Aquellos indómitos proyectos de sastre

I Concurso de Relatos Breves de la Biblioteca Municipal de Castronuño

Título: Aquellos indómitos proyectos de sastre

Autor: María Begoña Hernández Velasco

Categoría 4 (Adultos)

 

Aquellos indómitos proyectos de sastre

El maestro de sastrería a menudo se ausentaba para enseñar género y tomar medidas a su fiel clientela de los pueblos aledaños a Castronuño. Tarea que le solía ocupar todo el día, pues antiguamente las transacciones de negocios conllevaban en el protocolo una buena charla al lado de alguna vianda y del consabido chato de vino, cosechado normalmente por el cliente en particular o algún paisano de confianza.

Aquellos vinos  de elaboración artesanal cuyos grados, a falta de un vinómetro, sólo  se detectaban por la mayor o menor rapidez en subirse a la cabeza. Vinos  espesos y, más que tintos, negros, que teñían las bocas de los vasos y los labios de quiénes los degustaban. Vamos que gracias a que no había entonces controles de alcoholemia…  Se hubieran ahorrado el alcoholímetro o, inevitablemente, lo hubieran manchado al soplar. Los labios del conductor  ya demostrarían  cierta tasa de alcohol en vena por el imborrable rastro azulado que el líquido elemento imprimiera en ellos.

En alguna que otra ocasión, tal era la complaciente actitud del sastre ante sus parroquianos, sólo le daba tiempo a la parte social de su cometido. El cliente en cuestión, en obligado cumplimiento, le acompañaba a visitar diferentes bodegas del pueblo para  demostrarle la gran cosecha del año en curso y la habilidad en la crianza de los caldos de sus  propietarios amigos. Y era al segundo o al tercer envite cuando podría obtener algún encargo y vender algún traje de alpaca para las fiestas, algún paño de abrigo de Béjar o algún pantalón de Mahón, aquel algodón ordinario teñido en índigo, tan resistente para las faenas del campo.

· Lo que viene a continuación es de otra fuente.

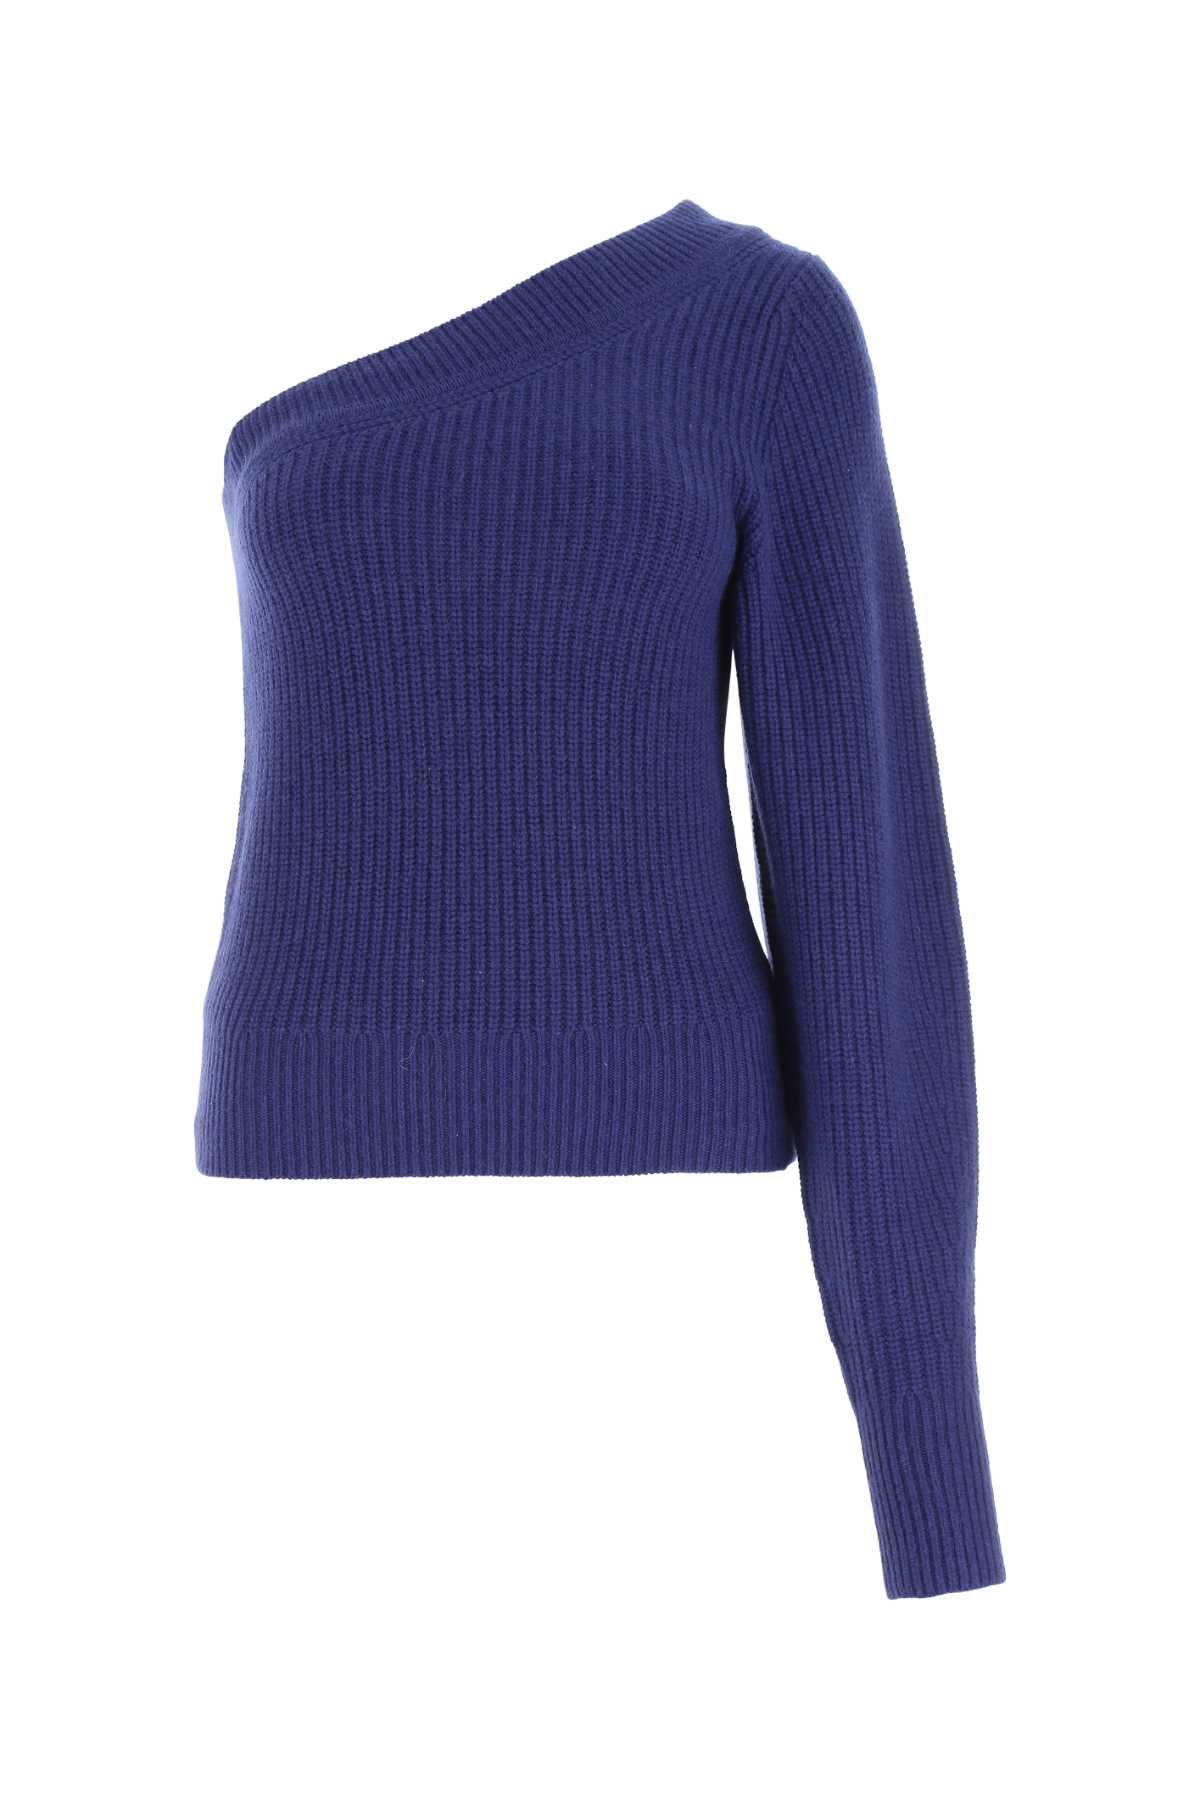 Blue Wool Blend Bowen Sweater

Antes no había prisas ni en los inicios ni en la preparación de la actividad, o casi aventura, empresarial. Los pormenores de la puesta en marcha  se podían dilatar en el tiempo tanto como se dilataba el sol en los días de estío. No obstante, una vez tomada la decisión y hecho el trato, se requería una pronta ejecución, no más de dos o tres semanas. Por ello el sastre se dirigía lo primero a probar las ropas, si las hubiera, y después a ofrecer su género y sus servicios…

Los  aprendices  de Teófilo se frotaban las manos  mientras le ayudaban a cargar la montesa con los muestrarios y los rectangulares y abultados paños de tela. Eso significaba día de asueto para salir de la sastrería  y hacer lo que les viniera en gana, puesto que a Pili, la esposa de su jefe, se la tenían ganada y apenas esbozaba una mínima queja cuando les veía salir por la puerta, eso sí, la liberaban del cuidado de alguno de sus dos hijos llevándoselo con ellos.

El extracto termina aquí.